It was supposed to be the turning point in our response to violent Islamism. This week marks six years since more than a million people marched through the streets of Paris waving “Je Suis Charlie” placards in a show of defiance, echoed across the world, against the slaughter of satirists by a pair of jihadist brothers.
Today, with most Western countries reverting to type and responding to jihadist terror with obscurantism and denial, it looks like far fewer people were Charlie than was actually claimed. Not so in France, though, which is more or less united behind President Macron’s decision to confront the country’s domestic Islamist movement. In one poll at the end of last year, a staggering 79% of French citizens agreed that “Islamism has declared war on the Republic”.
To his critics, Macron’s hard line was a cynical manoeuvre designed to reduce the electoral threat to his right posed by Marine Le Pen and National Rally. But such a claim ignores the threat that Islamism does pose to France. It is also to misread who is directing the country’s conversation on extremism. For the truth is that the impetus behind France’s skirmish with Islamism doesn’t come from the Right, but from the Left.
This shift did not happen overnight. Way back in 2002, the left-wing feminist collective Ni Putes Ni Soumises (Neither Whores Nor Submissives) was founded following a series of high-profile organised gang rapes known as tournantes – or “pass-arounds”. They soon became vocal advocates against escalating misogyny and violence against women. But they were particularly concerned with the French authorities’ empowerment of Islamist and Salafist groups to tackle the social ills of drugs and crime, which to the feminists culminated in an Islamist culture of sexual repression, misogyny and extremism.
This was famously attempted in the commune of Trappes, some 30km from Paris, where the Salafist community was enlisted to steer young members away from criminality and delinquency. One resident gushingly described how “mothers saw their children return to religious practice. It was a relief.” By 2013, however, it became starkly clear that this experiment in activist Salafism had all but failed. Trappes was seized by religious rioting and the commune set an ignominious national record in sending 80 jihadist recruits to Syria. At the time, Ni Putes was denounced for being “Islamophobic”. But, if anything, the riots acted as a vindication of their warning.
Yet Ni Putes was hardly an isolated example, a fringe outlier on the peripheries of French debate. In the same year as its launch, a collection of essays titled Les Territoires Perdus de la Republique, or The Lost Territories of the Republic, was published, which warned of rising antisemitism and radicalisation among second and third generation Muslims. In the book, a number of schoolteachers – those tasked not just with imparting knowledge, but the values of the Republic – pointed out that classrooms were disintegrating along ethnic and religious lines, that the ideals of secularism and universalism were facing an unprecedented challenge.

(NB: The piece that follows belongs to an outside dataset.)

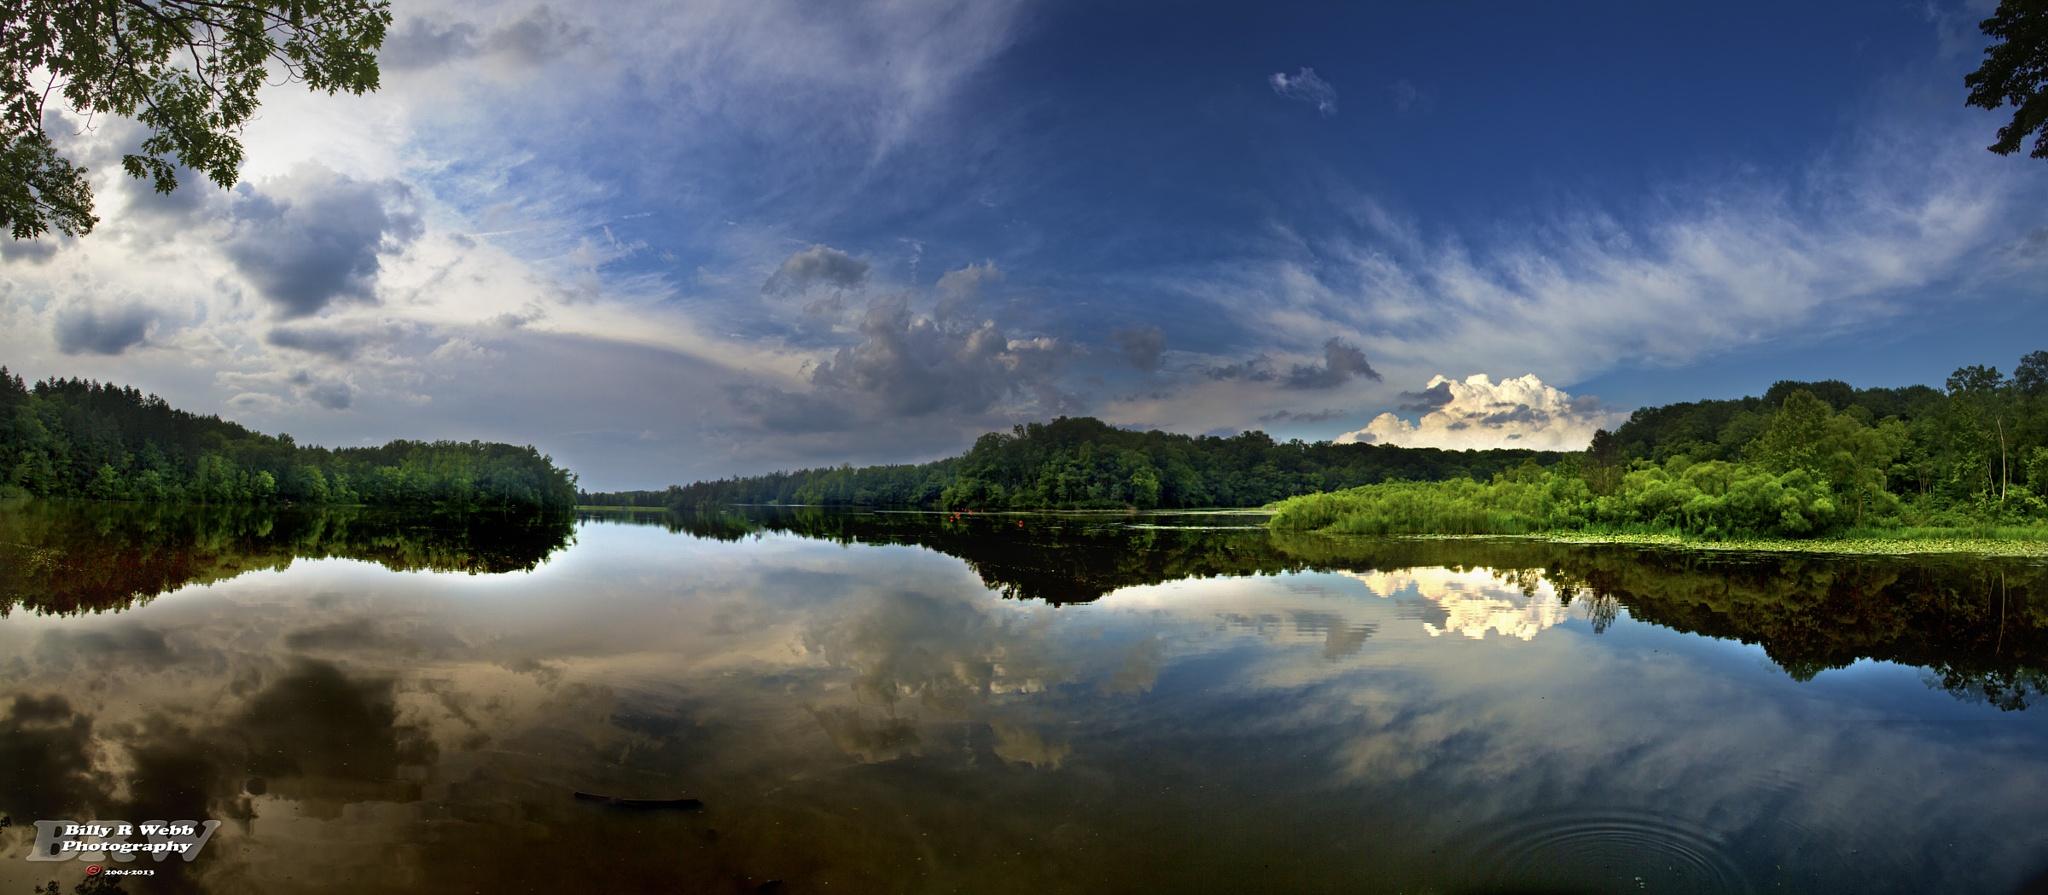 5 shot vertical panorama by BillyWebb

That isn’t to say that the teachers’ sense of urgency — or that of Ni Putes — was widely shared on the Left, or even the centre. In fact, as late as 2014, national discussion surrounding Islamism was still, to an extent, plagued by cringe-inducing naivety. In April of that year, journalist David Thomson appeared on a typically French news programme to assess the steady exodus of jihadist recruits to ISIS’s nightmarish project in Iraq and Syria. Thomson, who by this point had interviewed dozens of French jihadis, calmly explained that that French jihadis see France as a legitimate target, as an “enemy of Allah”.